A tent of height $77 \mathrm{dm}$ is in the form a right circular cylinder of diameter $36 \mathrm{~m}$ and height $44 \mathrm{dm}$ surmounted by a right circular cone. Find the cost of the canvas at Rs $3.50$ per $\mathrm{m}^{2}$. [Use $\pi=22 / 7$ ]
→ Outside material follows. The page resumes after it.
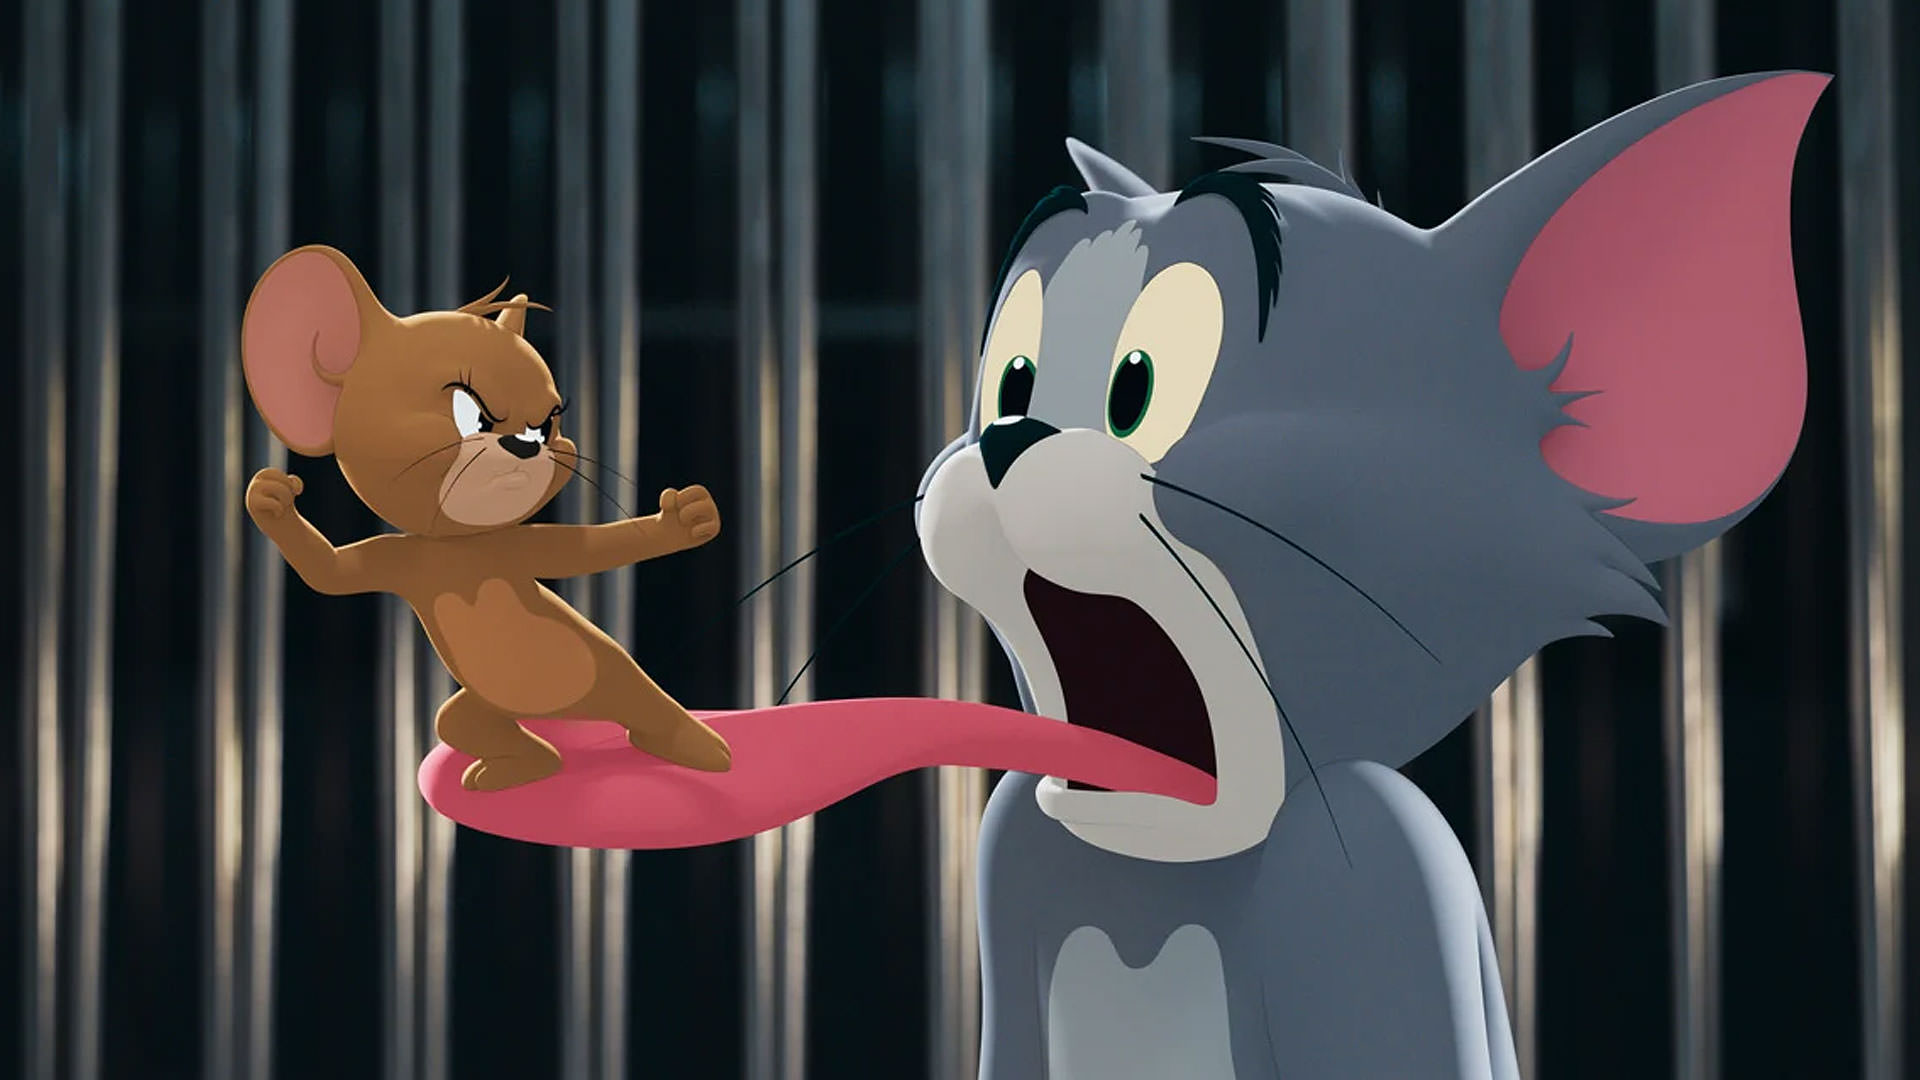 فیلم لایو اکشن Tom and Jerry با مشت زدن موش یعنی جری به صورت تام در حال ایستادن روی زبان گربه پشت میله ها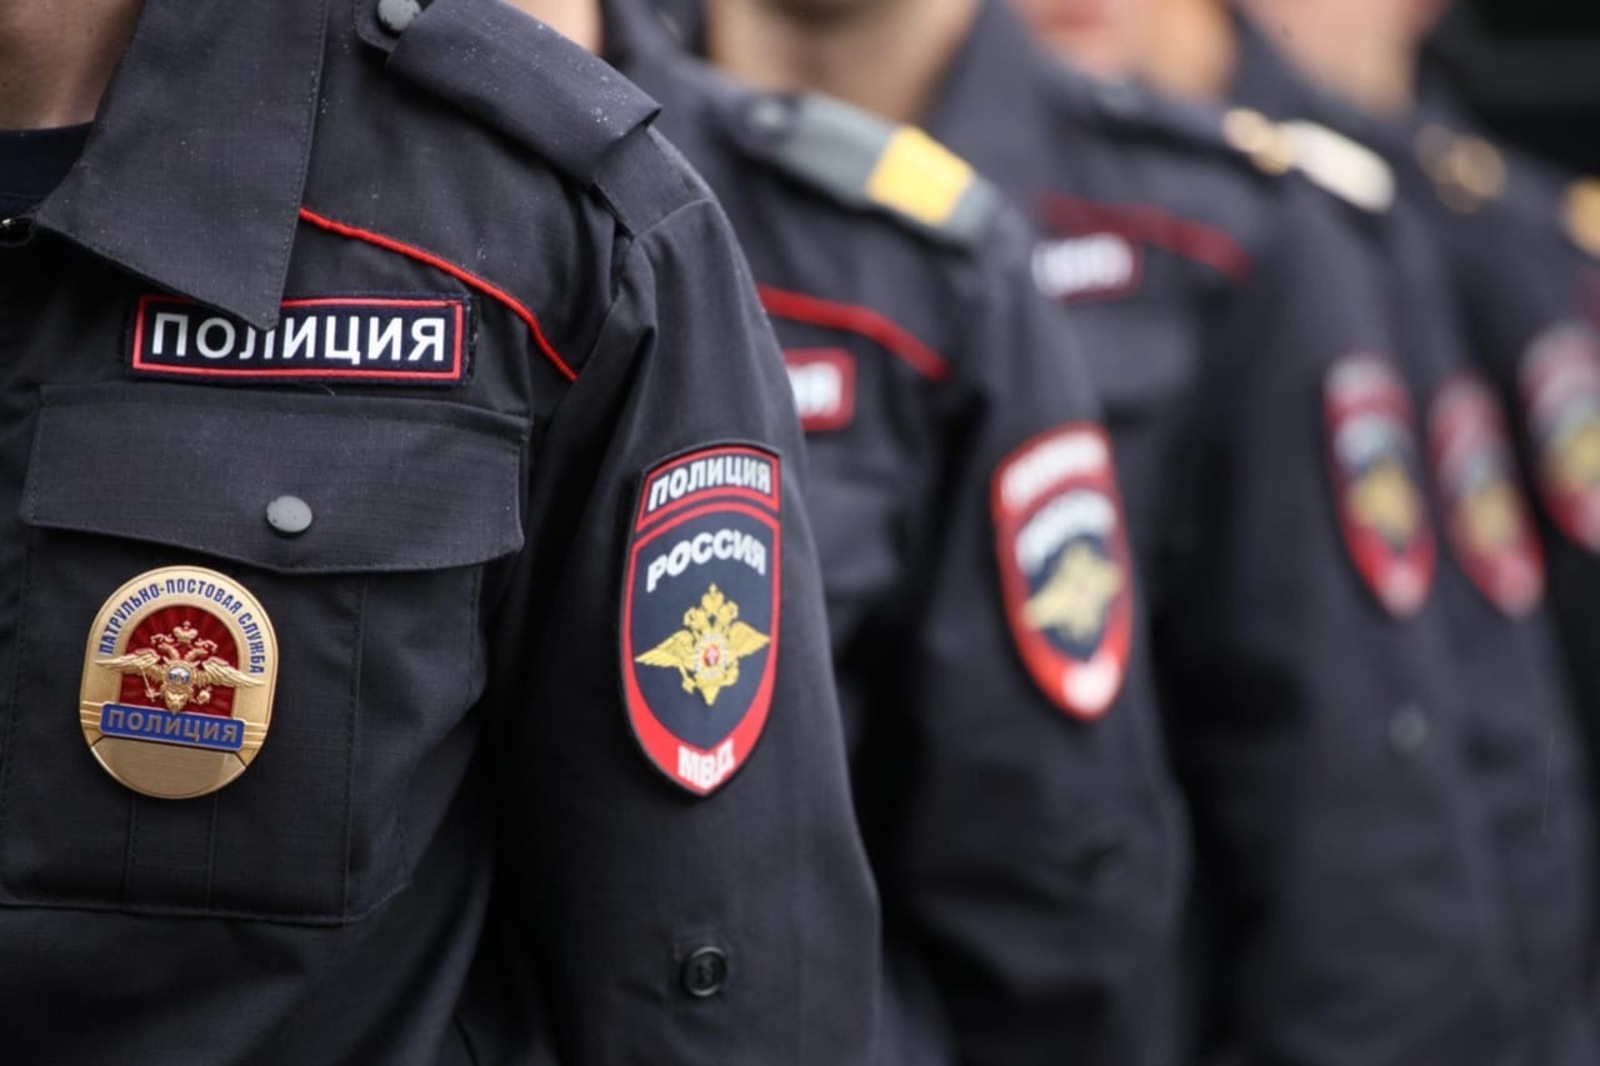 Октябрьскими полицейскими в суд направлено уголовное дело по факту кражи сотового телефона

The height of the tent is 77dm = 7.7m. The height of the upper portion of the tent is
$44 \mathrm{dm}=4.4 \mathrm{~m}$. Therefore, the height of the cylindrical part is $77-44=33 \mathrm{dm}=3.3 \mathrm{~m}$. The radius of the cylindrical part is $\frac{36}{2}=18 \mathrm{~m}$.
Let the slant height of the cone part is l m. Then, we have
$l^{2}=(18)^{2}+(3.3)^{2}$
$\Rightarrow l^{2}=324+10.89=334.89$
$\Rightarrow \quad l=18.3$
Therefore, the slant height of the cone part is 18.3 m.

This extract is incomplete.